§ **What is being asked**
Please restate exactly the lines from the one holding "Бежевое ар-деко дизайнерское" to the end of the material, including both ends and excluding every picture.

§ **Supplied material**
━━━

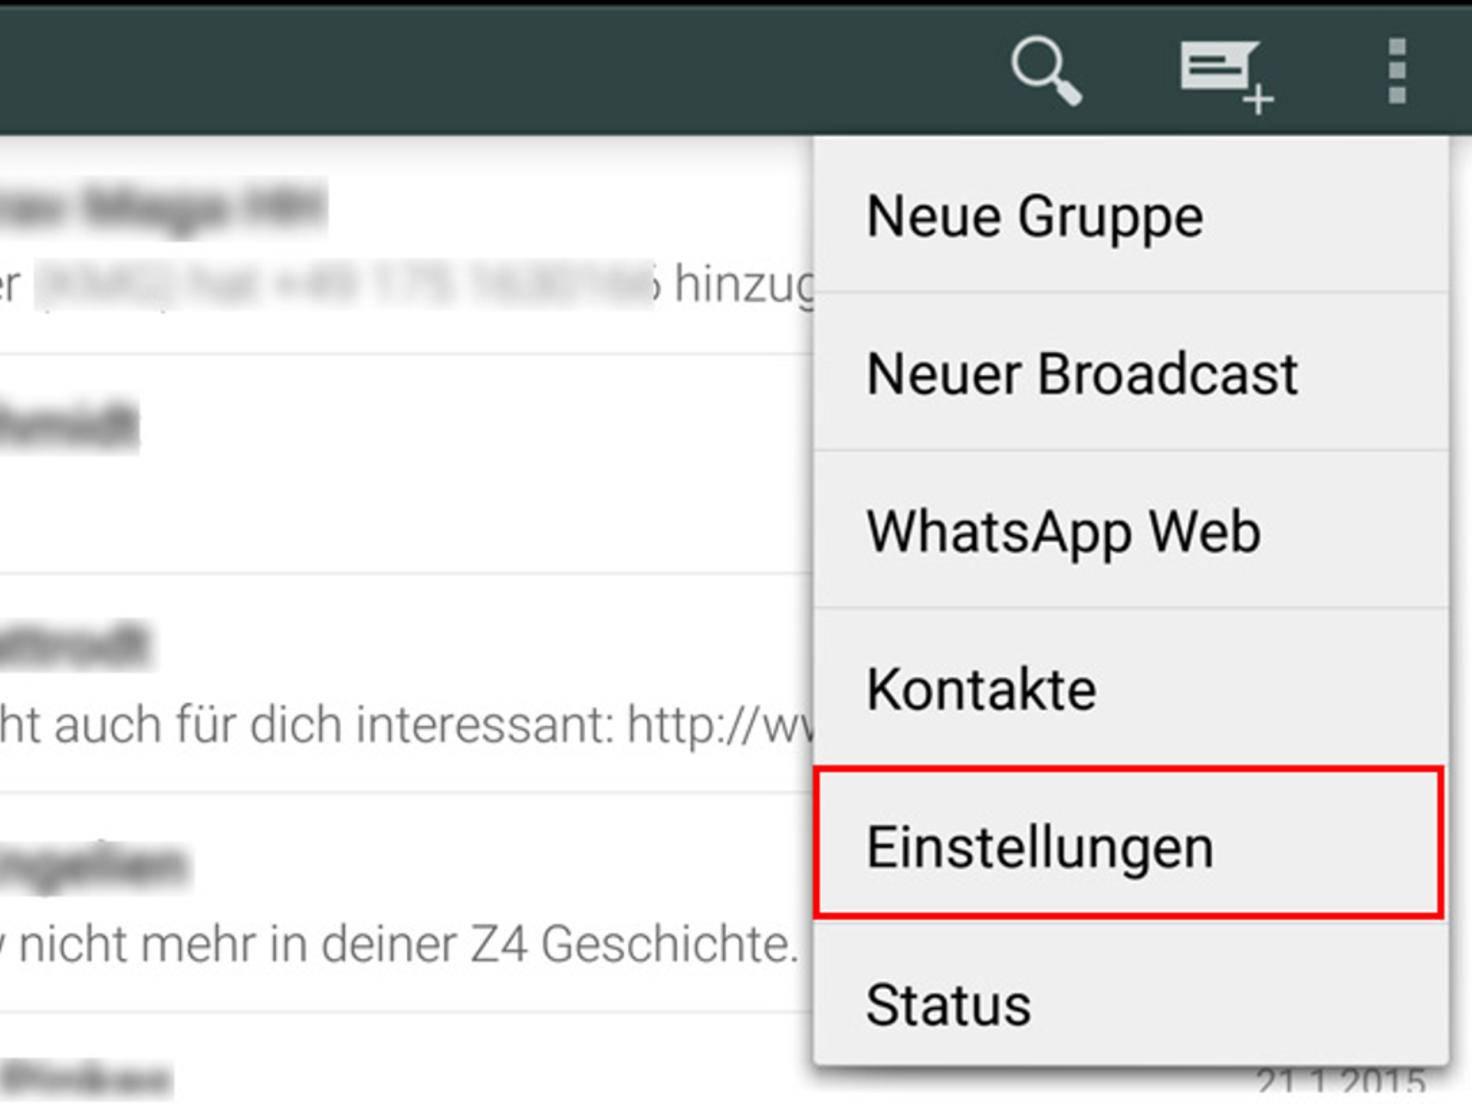 whatsapp blockierte kontakte sehen
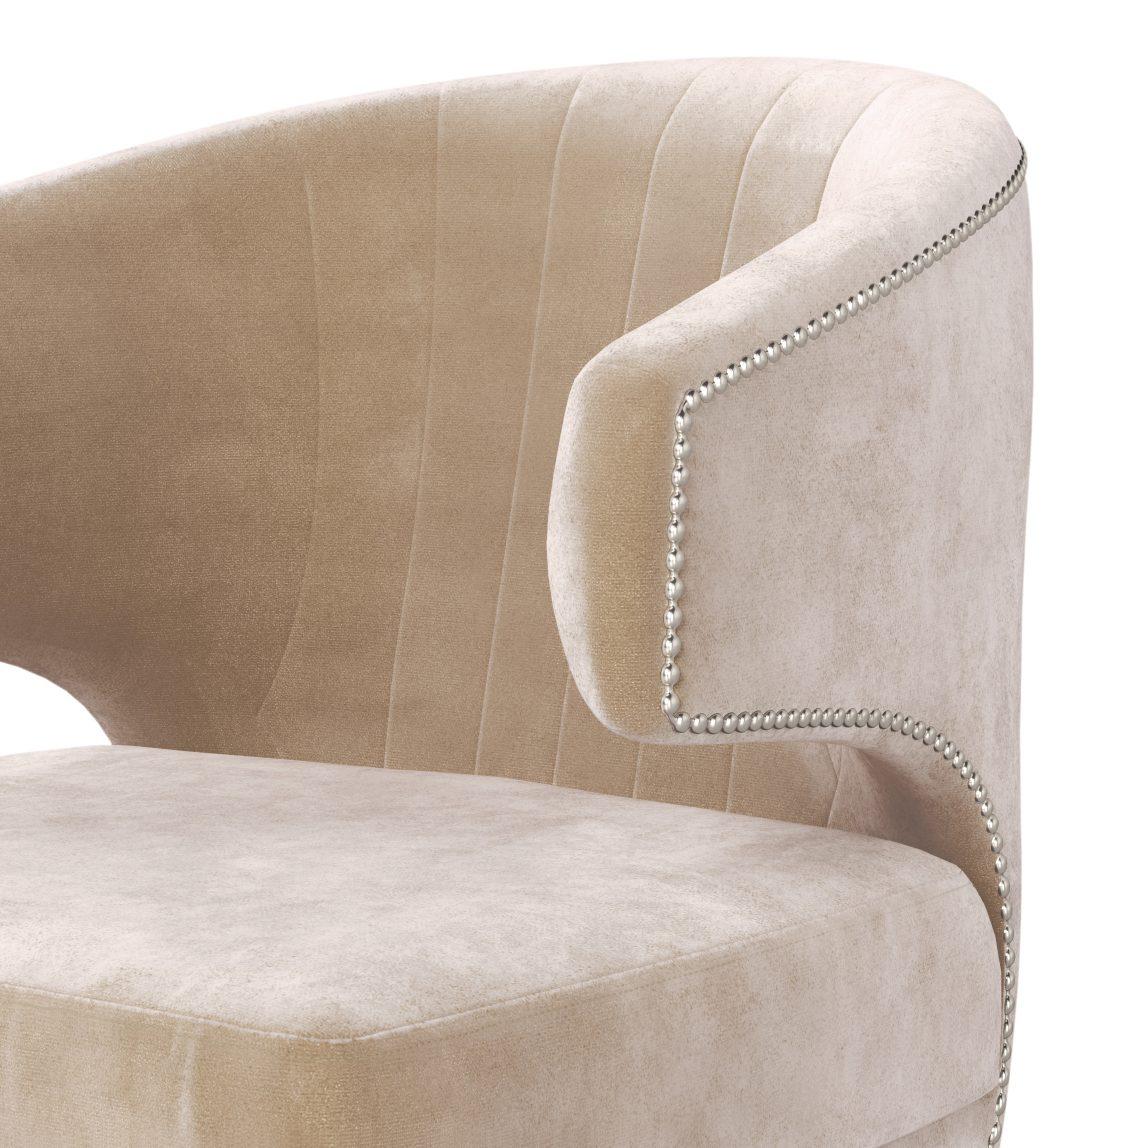 Бежевое ар-деко дизайнерское кресло Феликс. Копия реплика Irbis Brabbu Браббу
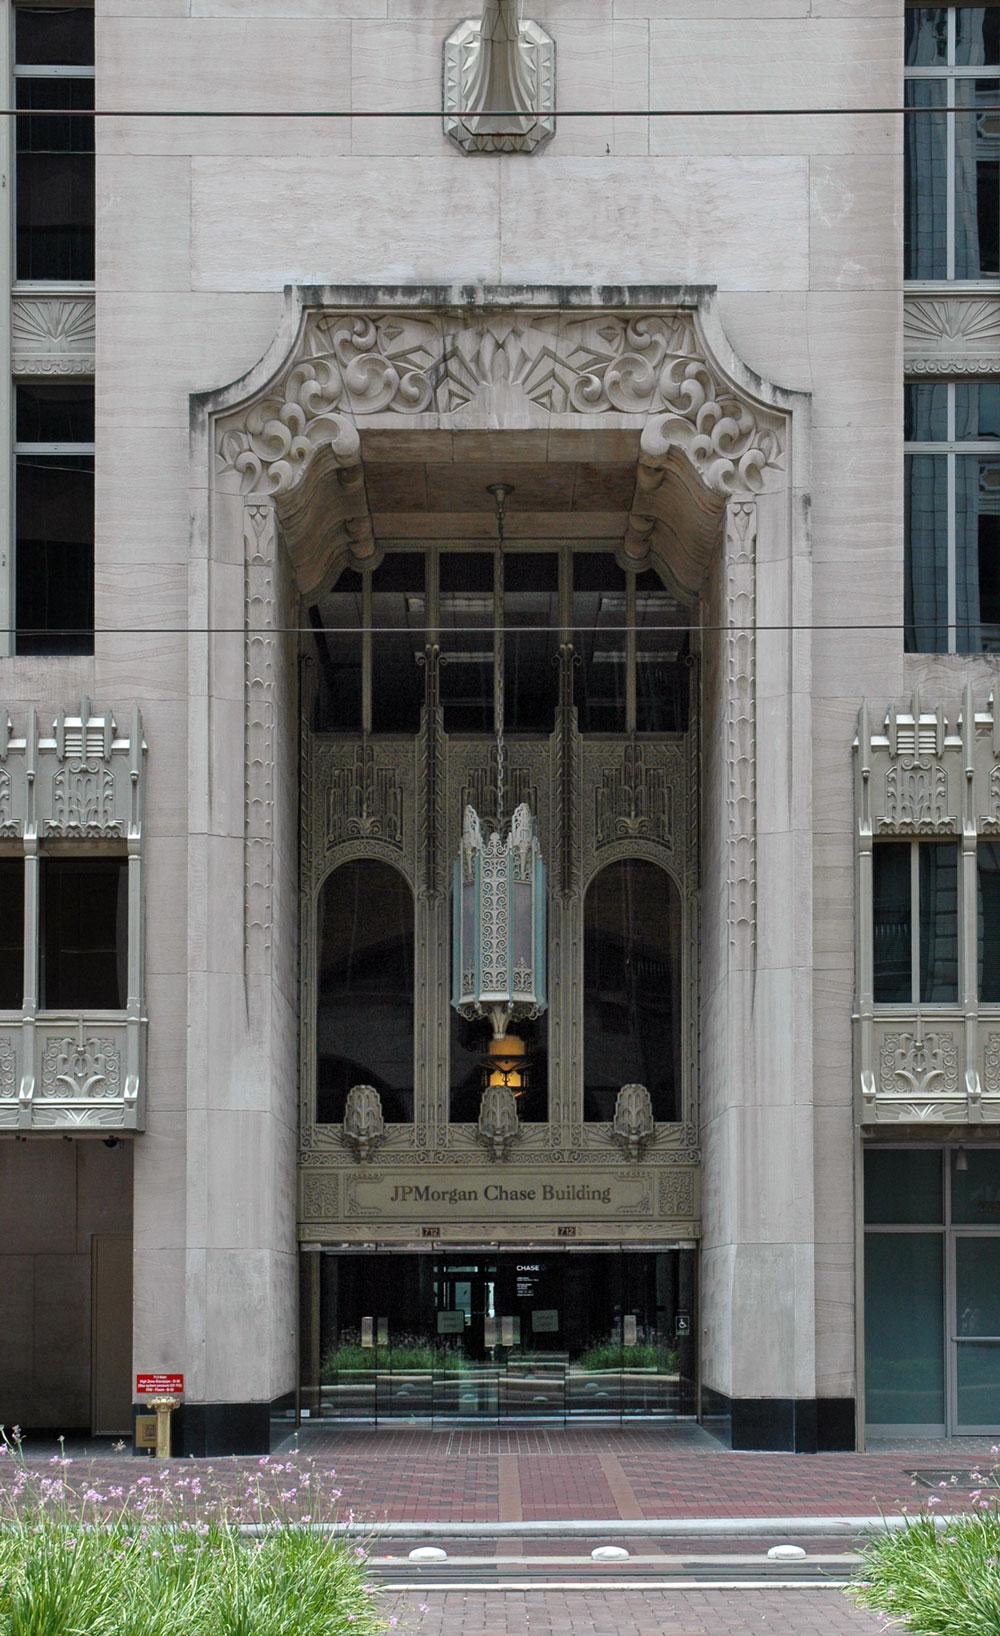 deco_gulf-entrance-2.jpg

━━━

§ **Answer to this exercise**
 Бежевое ар-деко дизайнерское кресло Феликс. Копия реплика Irbis Brabbu Браббу
 deco_gulf-entrance-2.jpg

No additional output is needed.